PredSL

Navigation

Links

PredSL combines several methods in order to predict a protein's localization to the chloroplast and the thylakoids, the mitochondrion and the secretory pathway.
As input PredSL requires the protein's sequence in fasta format.
The algorithm cosists of 10 steps:

STEP 1:
Initially the 100 N-terminal residues of the sequence are coded (see supplementary material-neural network training) and fed to a first layer of 2 neural networks which determine whether a residue belongs or not to a chloroplast transit peptide (cTP) or a mitochondrial transit peptide (mTP). From this step we get 100 scores (one per residue) from each network.

STEP 2:
We have set a cutoff where the residues do not belong to a transit peptide any longer, and thus we calculate two approximate cleavage sites from the 100 scores we calculated in step 1.(One from each network)

STEP 3:
We take a window of 40 positions around the approximate cleavage site we estimated in step 2, and we use a set of neural networks to predict the cleavage site. Therefore we have one prediction of the cleavage site of the hypothetical cTP and one for the mTP.

STEP 3:
We calculate the average of the scores of the hypothetical peptides predicted from each network, and this results to two scores.

STEP 4:
We feed the 100 scores from step 1 to two neural networks (one for the cTP and one for the mTP), and we get two more scores. These scores represent the probability that the sequence has an mTP or a cTP.

STEP 5:
We use PrediSi to calculate one more score for each sequence.

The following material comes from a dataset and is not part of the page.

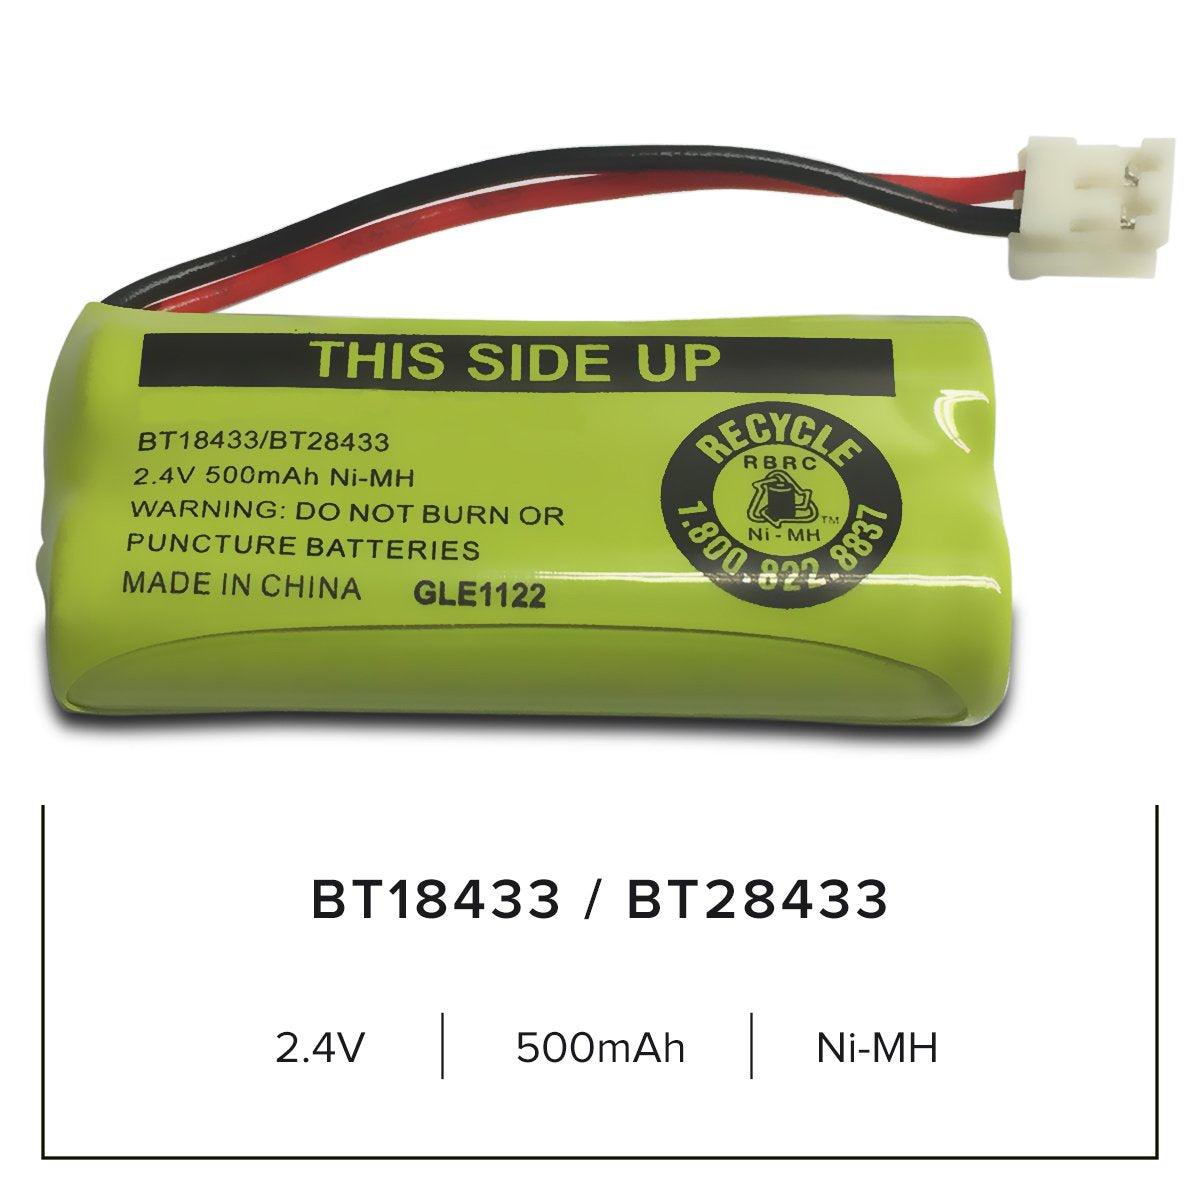 GE 2-5210RE1 Cordless Phone Battery

This score represents the probability of a sequence belonging to a secreted protein.

STEP 6:
We use a program that uses Markov chains to discriminate between two categories to get 6 more scores for the plant proteins and 3 more for the nonplant. (See supplementary material-Markov chains)

STEP 7:
We use HMMER to get two additional scores for each protein. One that shows the existence or not of a cTP and one that shows the existence or not of an mTP.

STEP 8:
We feed all the scores we gathered (13 for the plant and 7 for the non-plant proteins) to a neural network that does the final prediction.

STEP 9:
Finally, if a sequence is predicted to belong to a chloroplast protein, we use HMMER to determine the existence of a lumenal-transit peptide (lTP)

STEP 10:
If the user requires it, PredSL provides the possibility to make a graph for each case. The graphs for the chloroplast and mitochondrial sequences are created using the scores from Step 1 and taking a window around the predicted cleavage site from Step 3. For the secreted proteins, the graphs are created usind the hydrophobicity index (Kytte-Doolittle, 1982) for a window around the predicted cleavage site from PrediSi.